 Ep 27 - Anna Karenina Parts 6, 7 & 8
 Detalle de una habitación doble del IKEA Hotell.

+===+

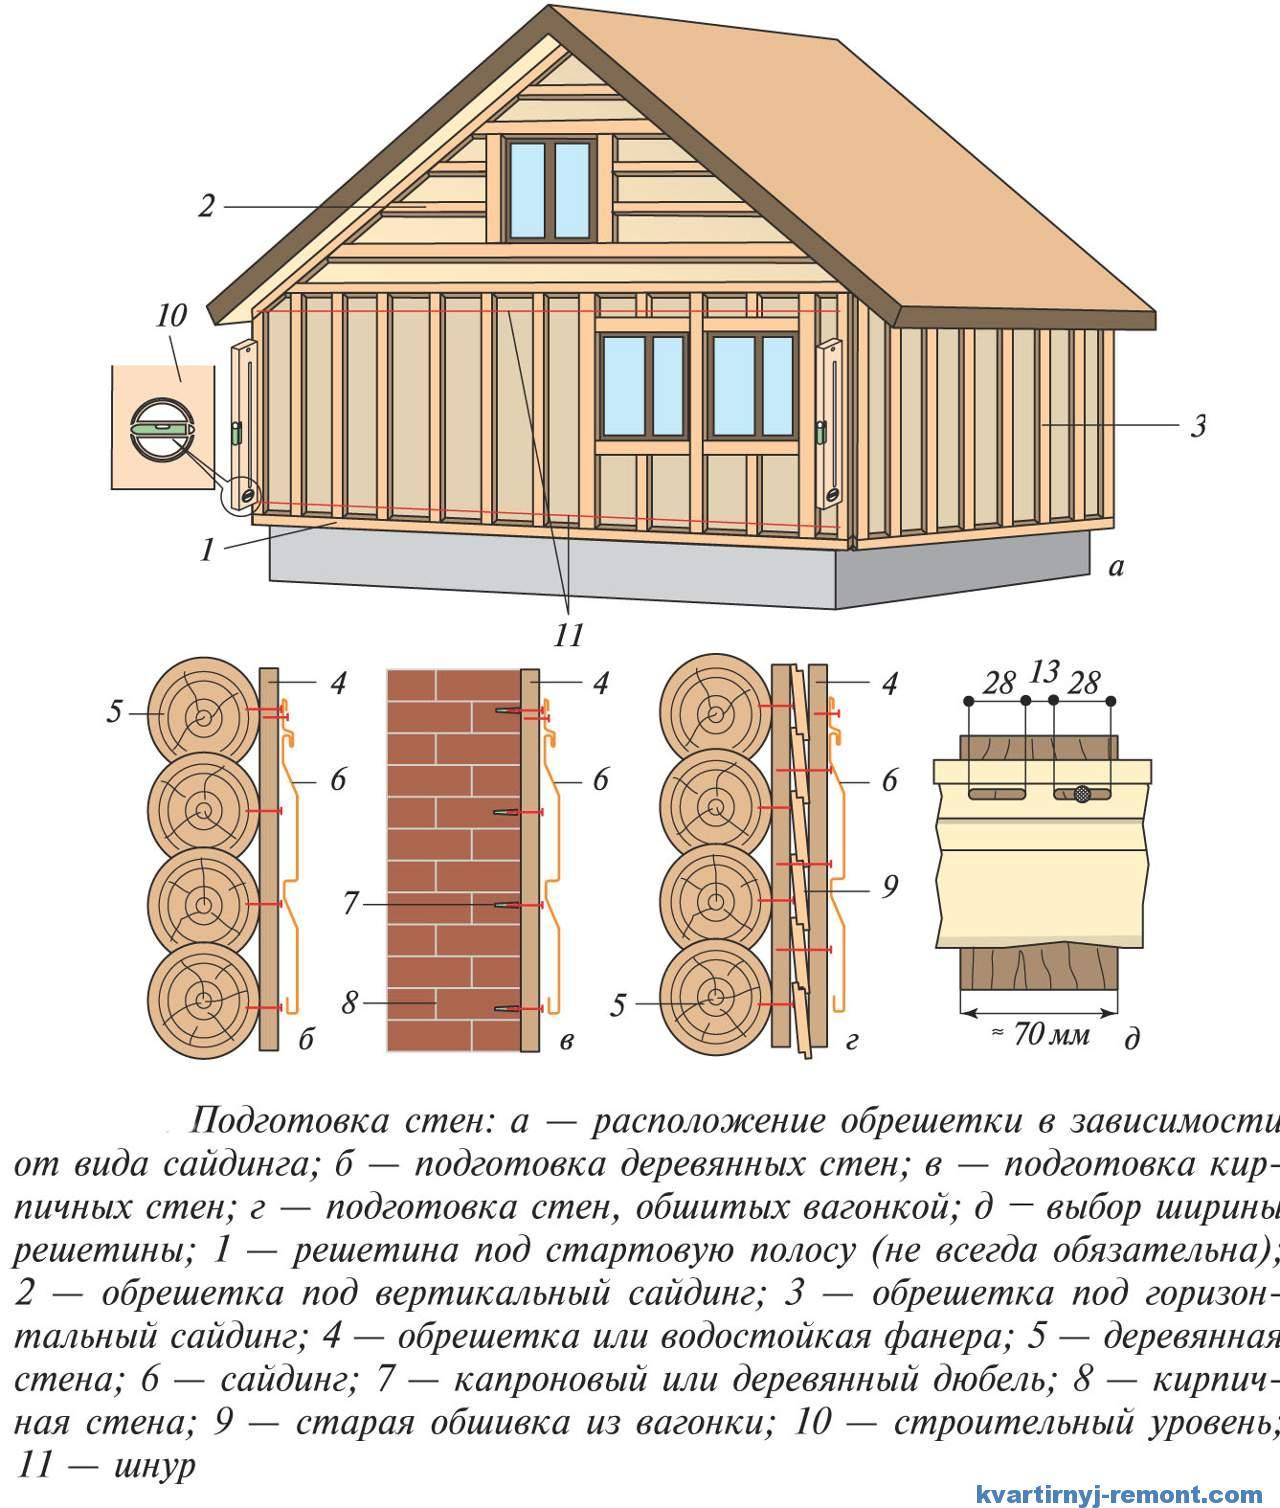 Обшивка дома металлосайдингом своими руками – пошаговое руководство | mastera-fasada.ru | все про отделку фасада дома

+===+

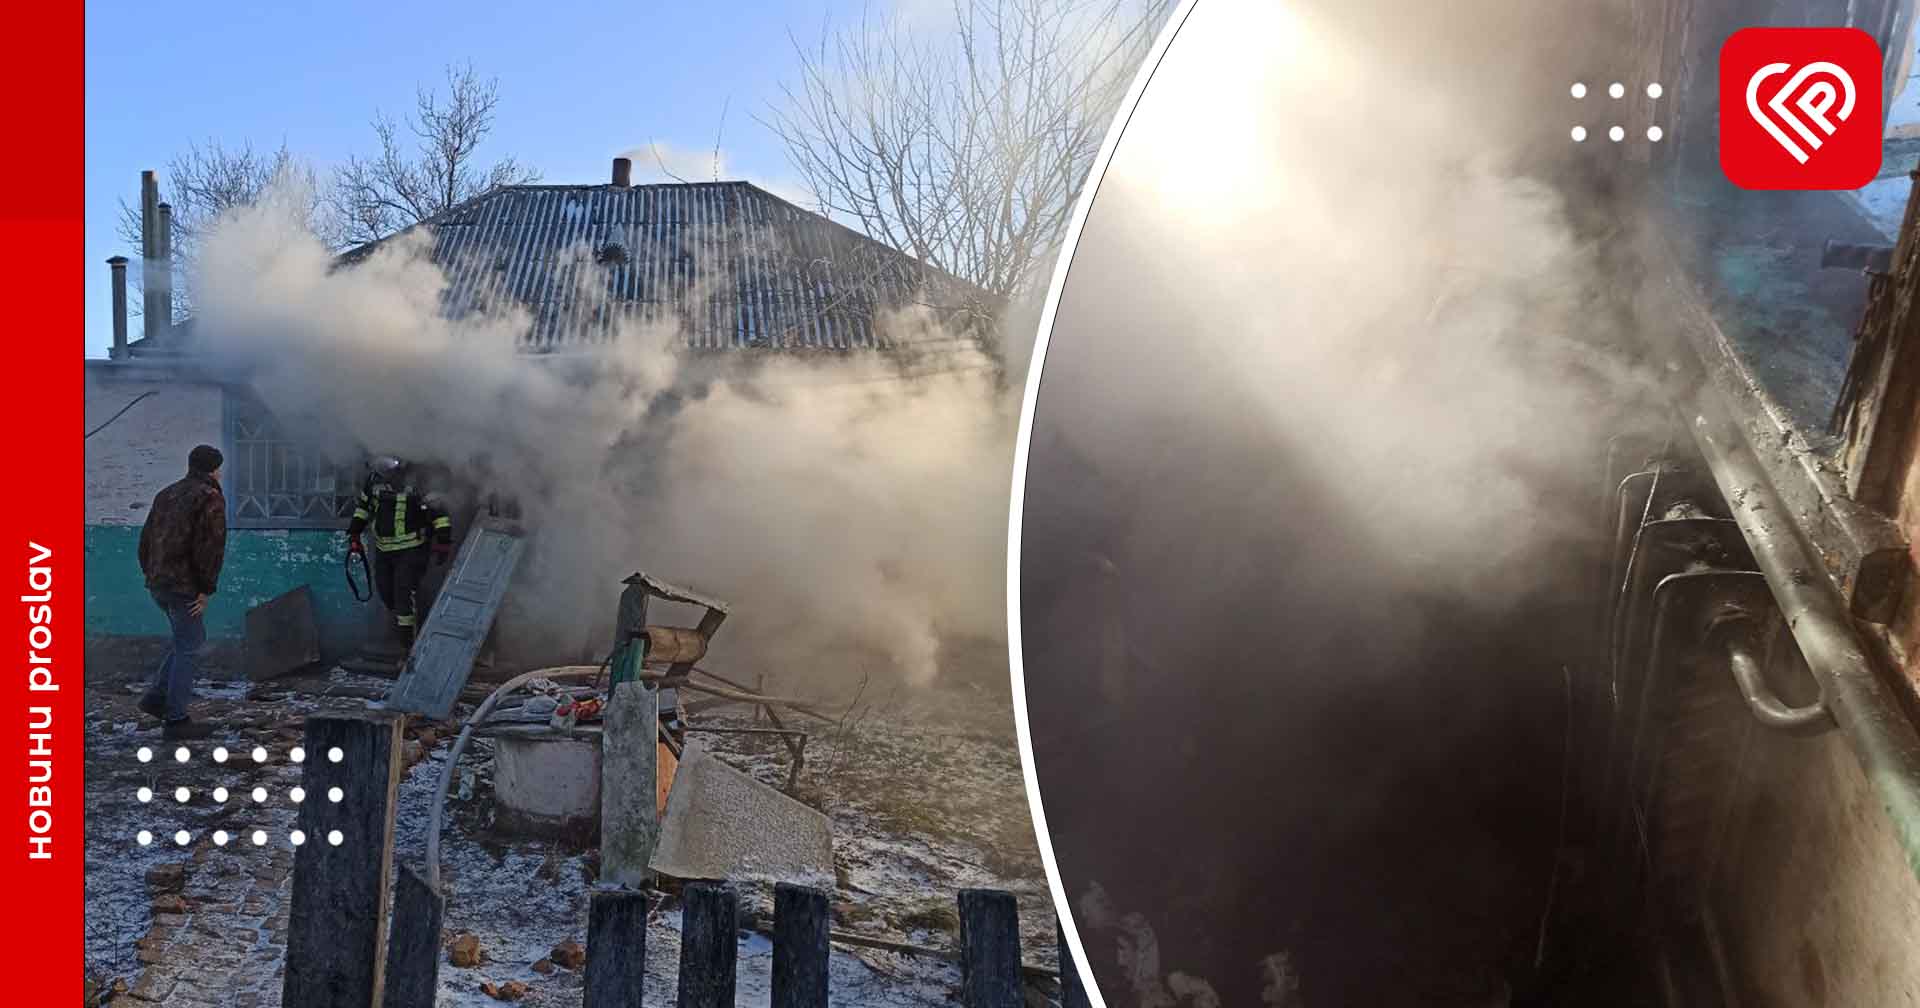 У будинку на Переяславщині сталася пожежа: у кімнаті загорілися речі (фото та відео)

+===+

Could you set down, exactly as written, the lines above between the one holding "Ep 27 - Anna Karenina Parts 6, 7 & 8" and the one holding "Detalle de una", inclusive, and nothing more?

 Ep 27 - Anna Karenina Parts 6, 7 & 8
 Detalle de una habitación doble del IKEA Hotell.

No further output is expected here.